TomTom and BentoML: A Strategic Partnership
Working on AI experiments with BentoML has helped TomTom maintain focus on its core competency in maps and navigation services, while also trying out the latest AI technologies speedily. TomTom selected BentoML as a partner for rapid experimentation and innovation due to the following principal reasons:
- LLM serving and deployment: BentoML’s strong capabilities in serving and deploying LLMs made it an ideal choice, providing faster, easier and more efficient model inference. OpenLLM, an important component in the BentoML ecosystem, offers a high-performing and user-friendly solution to LLM deployment, with advanced features such as continuous batching and token streaming.
- Accelerated AI application development: BentoML’s framework facilitates the rapid development of AI initiatives.
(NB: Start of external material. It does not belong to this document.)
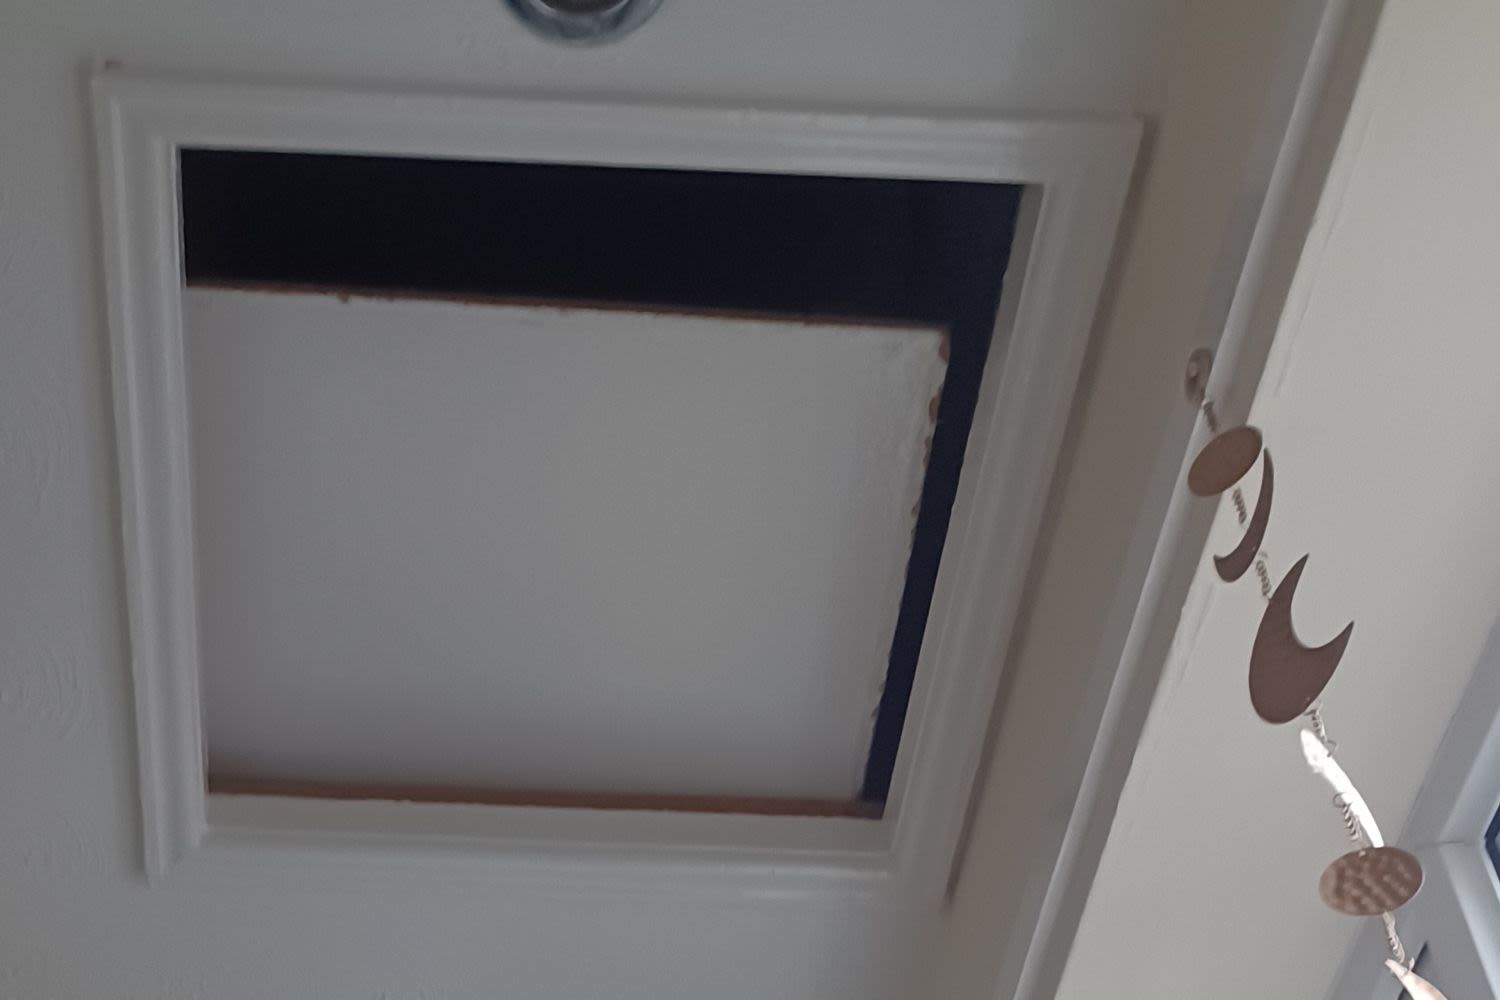 Renter Says Her ‘Heart Sank’ After Returning Home to Find Her Attic Door Mysteriously Open...

Developers can quickly get started with any model or framework using BentoML, which allows for seamless integration and efficient composition of various models into a cohesive service.
- Community and industry adoption: A thriving open-source community backing BentoML and its widespread adoption in the industry provides a reliable and tested foundation for TomTom’s AI endeavors.
For BentoML, the partnership with TomTom represents a significant opportunity. Working with a global leader in navigation technologies validates BentoML’s strong capabilities in LLM serving and deployment in production. It allows the BentoML team to refine the project further for real-world LLM use cases.
How BentoML Helps TomTom
TomTom’s exploration into LLM-powered services involves addressing various challenges. While starting with Azure OpenAI APIs is fantastic for quickly getting a prototype out the door, you’ll probably want more control to improve upon your prototype.
For example, while LLMs can effectively perform tasks like data classification, scaling these services requires more cost-effective and efficient strategies. So, experimenting with different, possibly open-source models, replacing large models with smaller ones and applying optimizations such as mini-batching techniques become essential.
In some cases, our approach to improving LLM-powered apps emphasizes using different models for specific tasks. By analyzing the problematic areas of its system — whether in quality, latency or cost — we can replace parts with more suitable alternatives, streamlining its application. However, this requires a glue solution for coordinating the pipeline.
This is where BentoML comes in. It provides a straightforward way to integrate various models, simplifying the process of model composition and inference. BentoML, particularly with its serverless platform BentoCloud, acts as a cohesive agent in AI apps, enabling developers to focus on core functionalities without getting bogged down by extensive microservice architecture and complex infrastructure.
Experimenting with positive outcomes
The collaboration between TomTom and BentoML has yielded fruitful results in the following aspects:
- Performance improvements: In one experiment, we realized a significant reduction in both latency and cost, averaging a ~50% decrease in each, with on-par quality.
- Advanced inference capabilities: Fast, efficient inference with cutting-edge open-source models for enhancing TomTom’s AI-driven services.
- Rapid experimentation and scaling: We’ve been able to swiftly test new AI services based on the latest models, with the option to scale them up rapidly.
- Infrastructure and expertise: The partnership has been majorly helpful in infrastructure setup, glue code writing and model selection. In a time where tech moves so quickly, the value of such a relationship cannot be underestimated.